Energy Act of 2020 (P.L. 116-260)
Critical minerals are key components in a range of products and equipment, from consumer electronics and military technology to solar panels and electric vehicle batteries. Their unique chemical properties make them particularly suitable for energy technologies and irreplaceable for certain purposes. Pursuant to the Energy Act of 2020 (P.L. 116–260), the U.S. Geological Survey (USGS) publishes a revised list of critical minerals every three years. The most recent list, published in 2022, categorizes 50 minerals as critical.

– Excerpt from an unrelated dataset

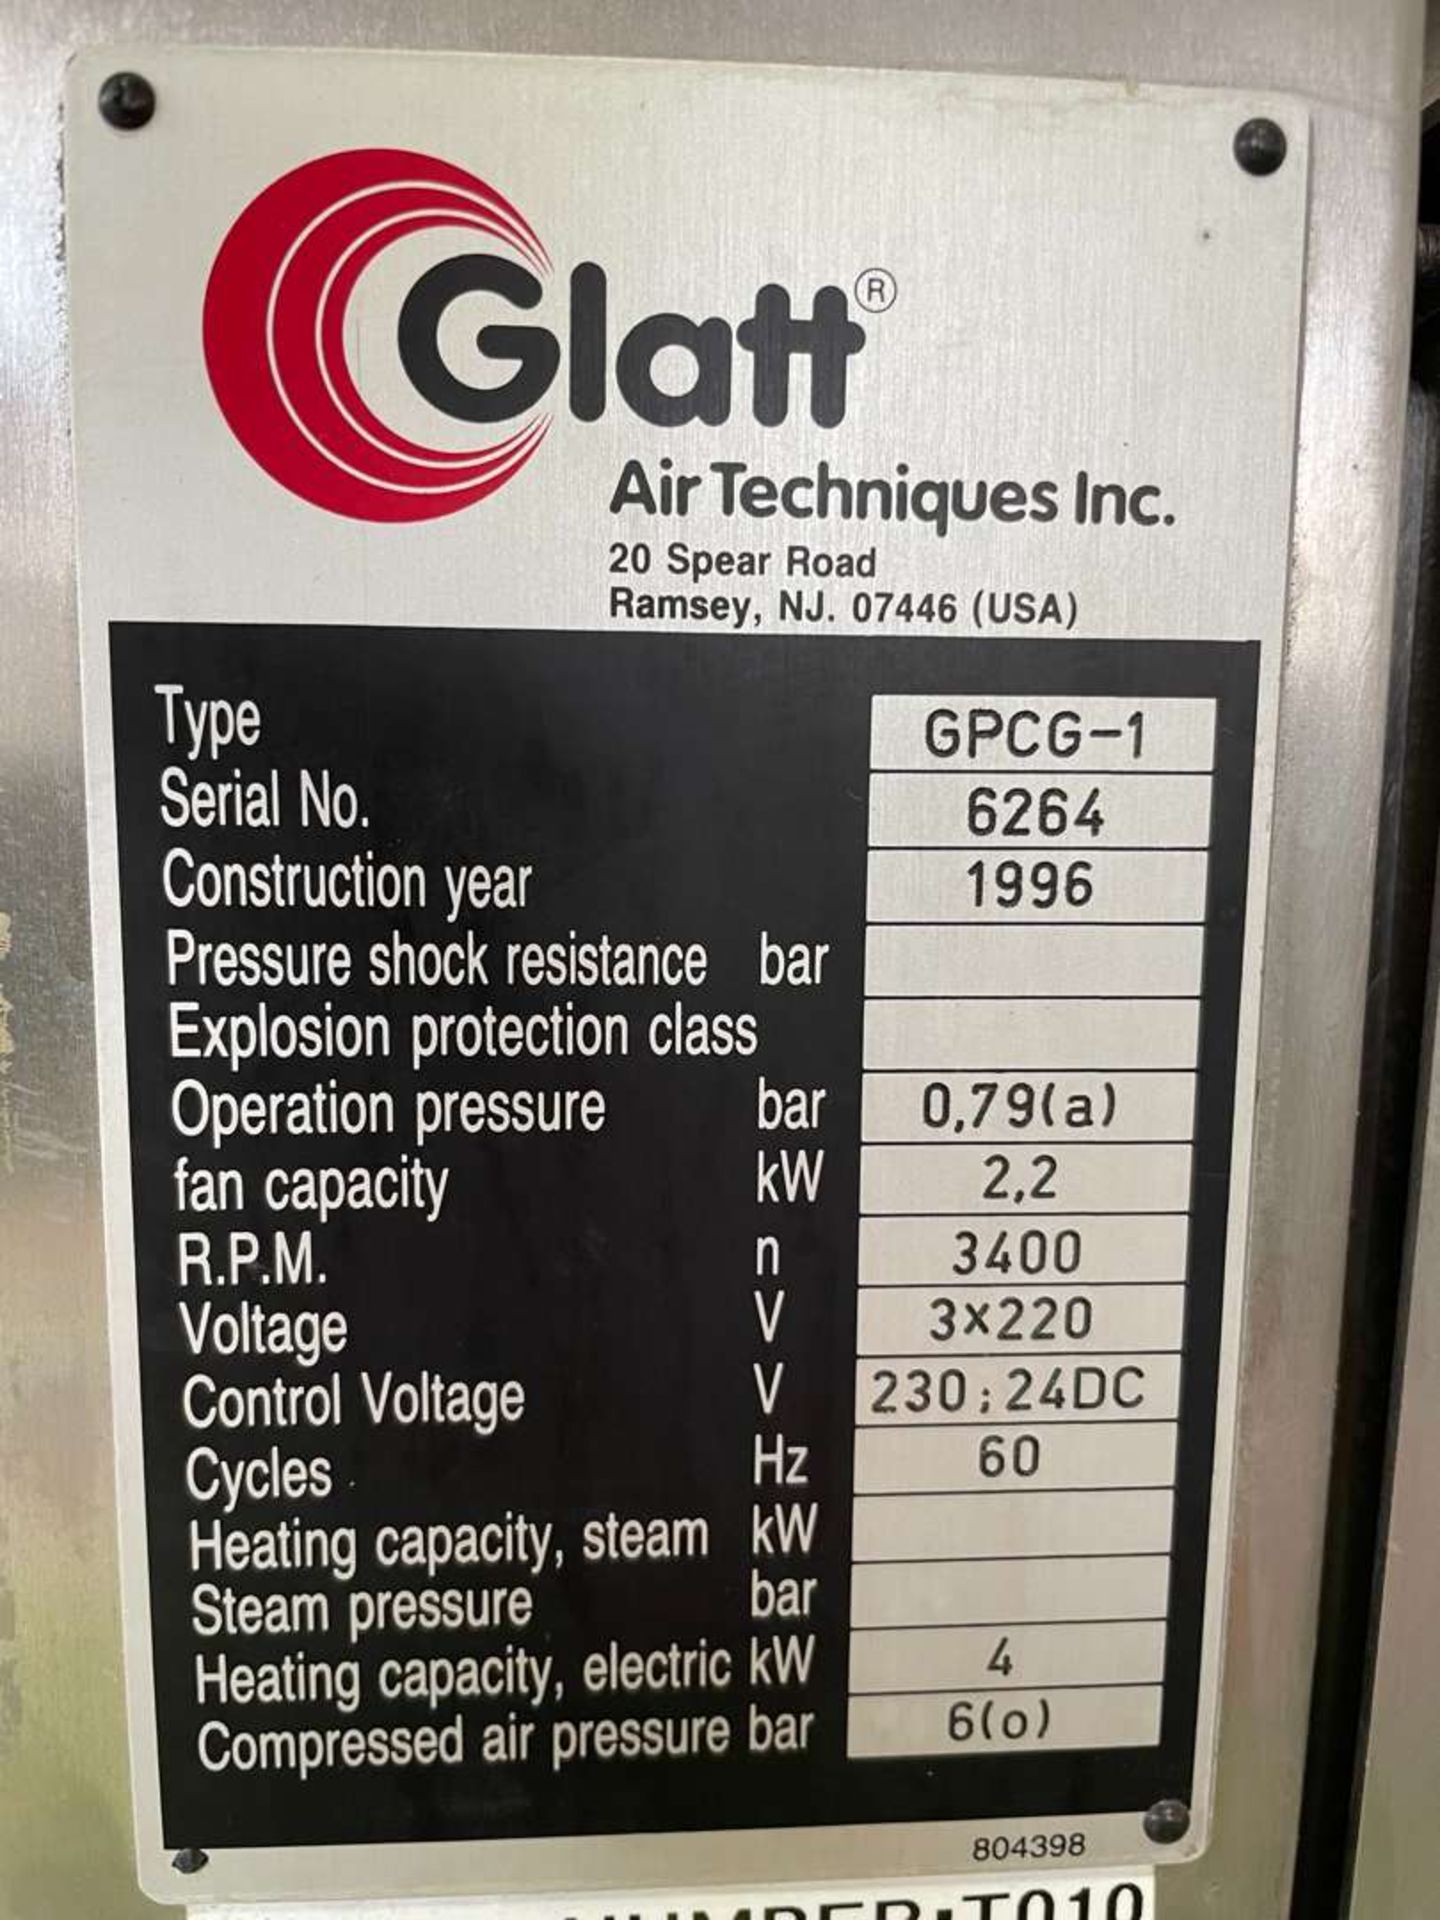 Glatt model GPCG1 stainless steel mobile fluid bed dryer system - Image 4 of 4

For clarity and consistency, this issue brief will use the Energy Act definition of critical minerals, which encompasses both minerals and materials.

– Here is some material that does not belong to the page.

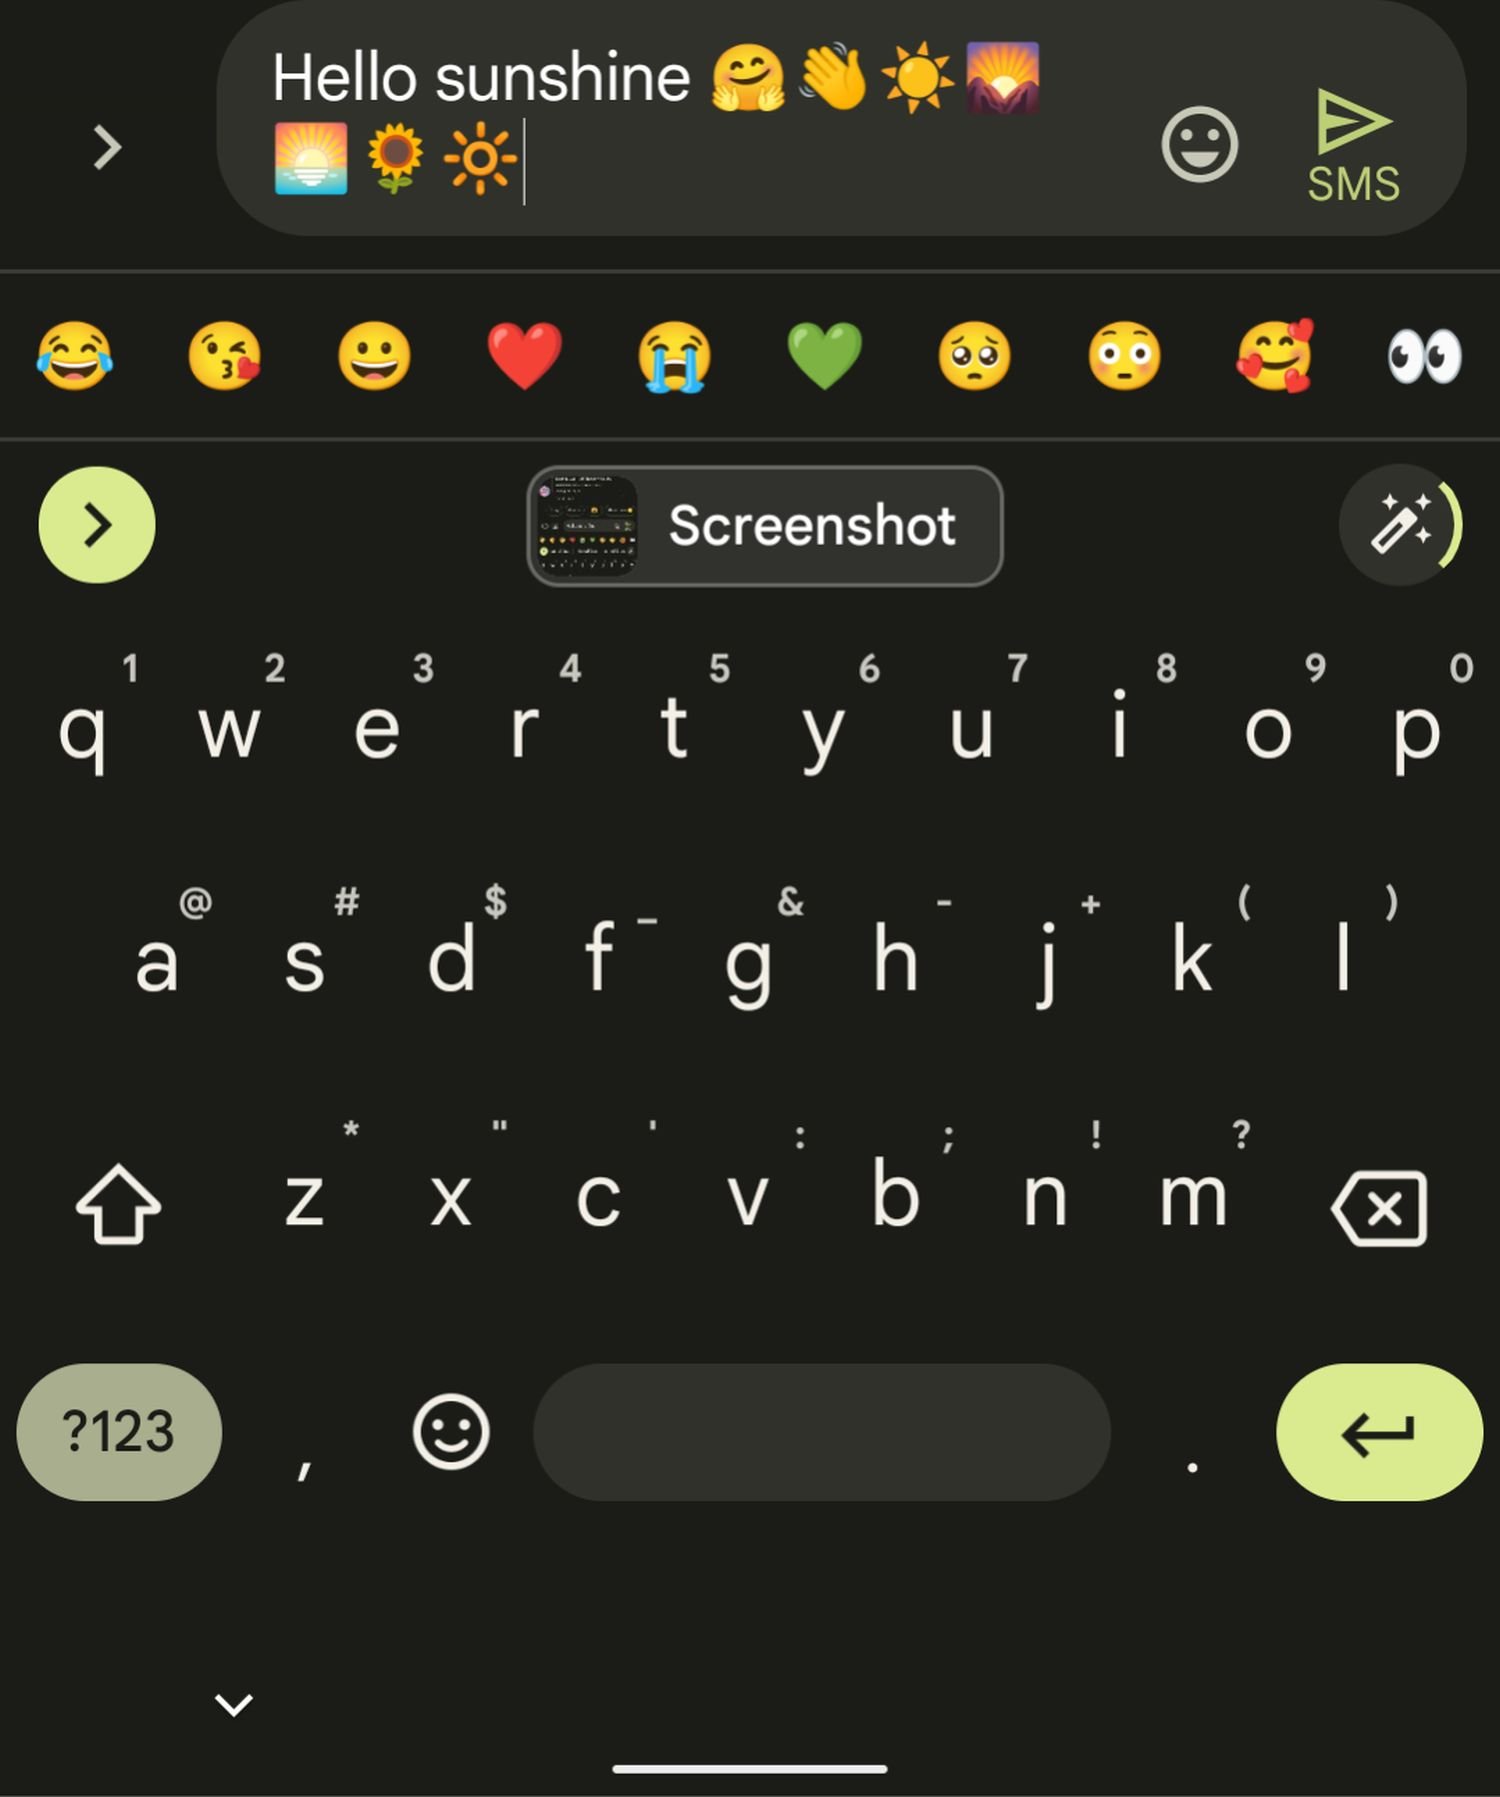 Klappe Dårlig faktor telt Gboard: Googles Tastatur-App ersetzt Text durch Emojis - ein Bild sagt mehr  als Tausend Worte? (Screenshots) - GWB

From electric vehicles to renewable power sources, critical minerals are key to several clean energy technologies:
While the particulars vary by material, the critical mineral supply chain generally comprises exploration and discovery, extraction, processing, refining, and manufacturing.

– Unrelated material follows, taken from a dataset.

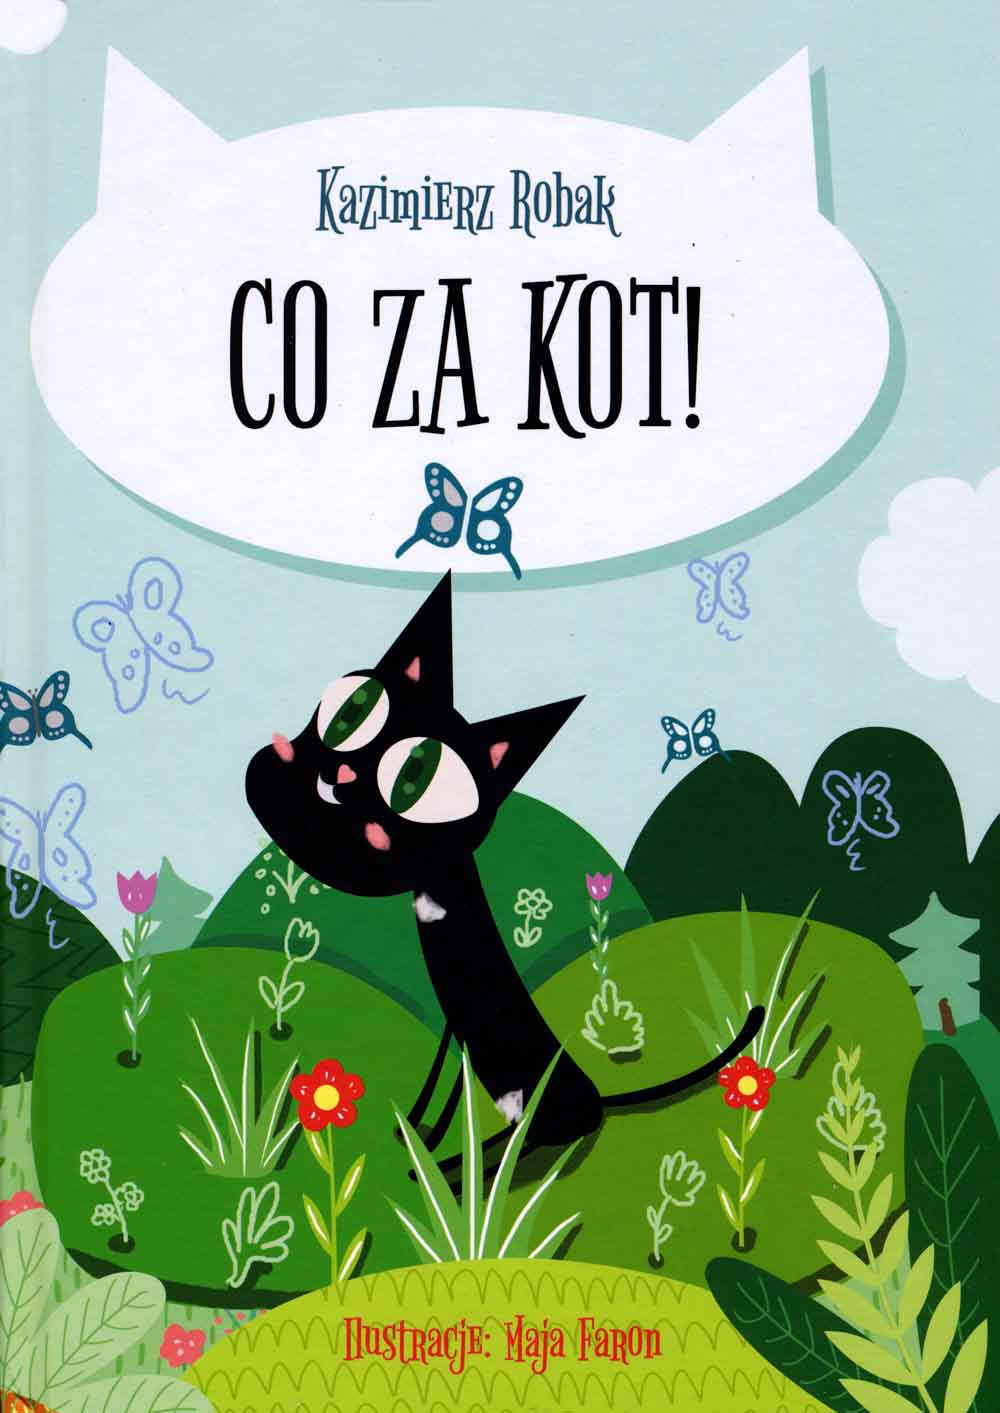 Co za kot, Figa, Dobry Noe Press, Kazimierz Robak, dla dzieci, Karol Choiński, Światłoczułe

The Critical Mineral Supply Chain
Exploration and Discovery
Critical minerals can be found in natural deposits in the Earth, mining waste, or discarded end-use products such as electric vehicle batteries and electronic devices. In the United States, the exploration and discovery of raw materials involves extensive permitting processes under federal mining laws. These permitting processes take an average of 16 years to complete.
Extraction (Production)
Critical mineral extraction, or production, involves mining deposits from the Earth or removing them from secondary sources. When mined, critical minerals are typically recovered alongside other materials. For example, pure nickel cannot be readily extracted from the ground in isolation; instead, the ore that contains the nickel is mined. Proposals for mining projects can trigger further permitting requirements under laws such as the National Environmental Policy Act (P.L. 91-190) and the Clean Water Act (P.L. 95-217).
Processing
Once extracted, the sought-after mineral is separated from other matter attached to it. Depending on the critical mineral, this can involve techniques such as applying high heat to change its physical state, adding chemicals to leach out the critical mineral, or evaporating water containing the critical mineral so only it is left behind.
Refining
Any remaining impurities are removed to produce the highest possible concentration of the critical mineral, which can then be used for manufacturing.
Manufacturing
The critical mineral is integrated into a final product, such as an electric vehicle battery or an aluminum wire for electricity transmission.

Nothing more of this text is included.